2020 Fellowship of St. Moses the Black Conference
A Talk by Fr. Stephen Freeman on Shame, Part II
Part I can be read at http://joyofallwhosorrow-indy.org/2020/10/28/racism-and-its-grounding-in-shame-and-disgust/
Some years back when I began doing this study on the topic of shame, which frankly was out of a deep personal need to deal with issues of shame in my own life, I was privileged to spend some time with Archimandrite Zacharias in Essex, that’s the Monastery of St. John. He writes a fair amount about shame, sort of scattered across his books and lectures. Saint Sophrony, his teacher, instructed him and told him that when he first began to hear confession, particularly with young ones, he said, “Teach them to bear a little shame.” So in my time with him I asked him about shame and he spoke about sitting in the presence of God, acknowledging whatever shame it was I was feeling and praying, “Oh God, comfort me.” At its best, this can take place in confession and I’ll add parenthetically and this is very important – that shaming others is not the job of a confessor. When he said, “Teach them to bear a little shame,” he did not say make them bear a little shame. Teaching is a much different thing. It’s never the job of a confessor to shame others and it can be extremely toxic. The abuse of shame is at the very heart of spiritual abuse, and I just want to underline that because it’s important.
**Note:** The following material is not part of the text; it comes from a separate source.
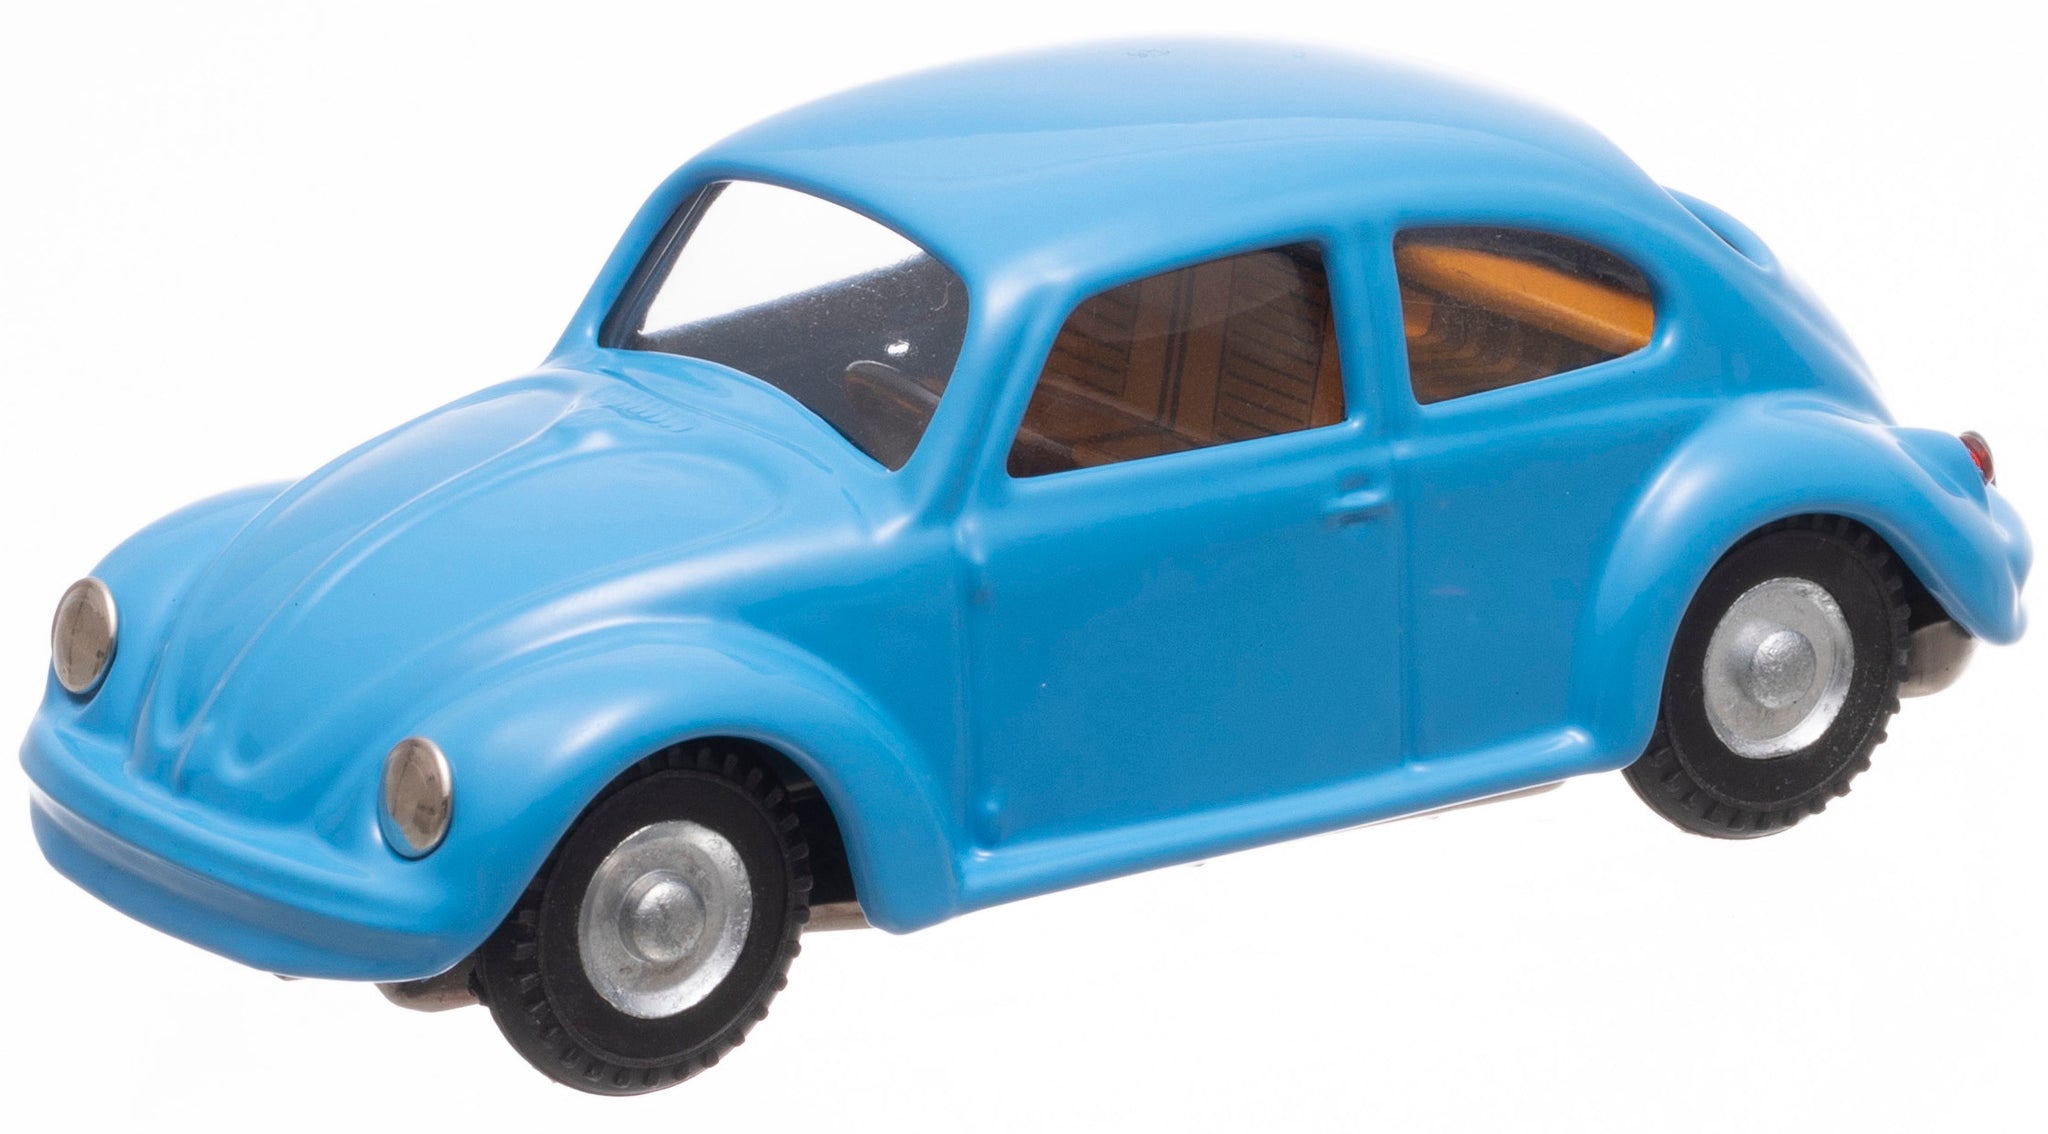 Kovap - VW 1200 Beetle

This gentle exposure, which generally is an exercise in vulnerability in the presence of God, unjudging, forgiving, comforting, and profoundly human. On a personal level, in therapy sessions (and I note that Mother Katherine is familiar with the technique) I’ve worked with shame in the context of EMVR, processing these powerful emotions so I could come to a place that was bearable, that I could in fact – there’s one thing that was shameful experience in my early childhood that I had never been even able to mention in confession until I was 58 years old, but was tremendously liberating when I did – deeply therapeutic. Some psychologists have described shame as the unbearable emotion. It’s painful even in small amounts. Nobody likes it. Most of us avoid embarrassment even in very light forms. Rather than experience shame, we very often transform it, sometimes just simultaneously into a different emotion – most commonly anger or sadness. That we are a culture that is currently caught up in a vortex of anger – vortex isn’t even a strong enough word – that we’re caught up in a vortex of anger is simply symptomatic of the fact that shame is currently at an epidemic proportion. It makes the pandemic look like nothing. Those with whom we disagree, for instance, we do not think they are simply wrong, we think they are evil. We think and feel that and this judgement brings with it feelings of shame and of shaming. The language of shame has become mainstream. It is also a language practice that brings about transformation. You will not transform anybody by shaming them. It doesn’t happen like that. Instead it brings about anger and depression and various forms of hiding – reactionary cliques – all kinds of things.
And this brings us to the Orthodox practice of bearing a little shame – healthy shame. We understand that repentance is made possible by God’s grace, but that God’s grave makes us aware of our sin. It reveals our shame, but in doing this, God is not crushing us. He is revealing Himself to us and in that light we see light – the light of the truth of our own self and of our culture as well. It’s good to understand that God himself has led the way in this, especially in the verses from Isaiah applied to the Messiah, “I turned not my face from the shame and the spitting.” [Isaiah 50:6] In his Pascha, Holy Week Pascha, Christ enters into the depth of human shame. Saint Sophronia of Essex says, “Christ has entered the depths of hell and is waiting for his friends to meet him there.”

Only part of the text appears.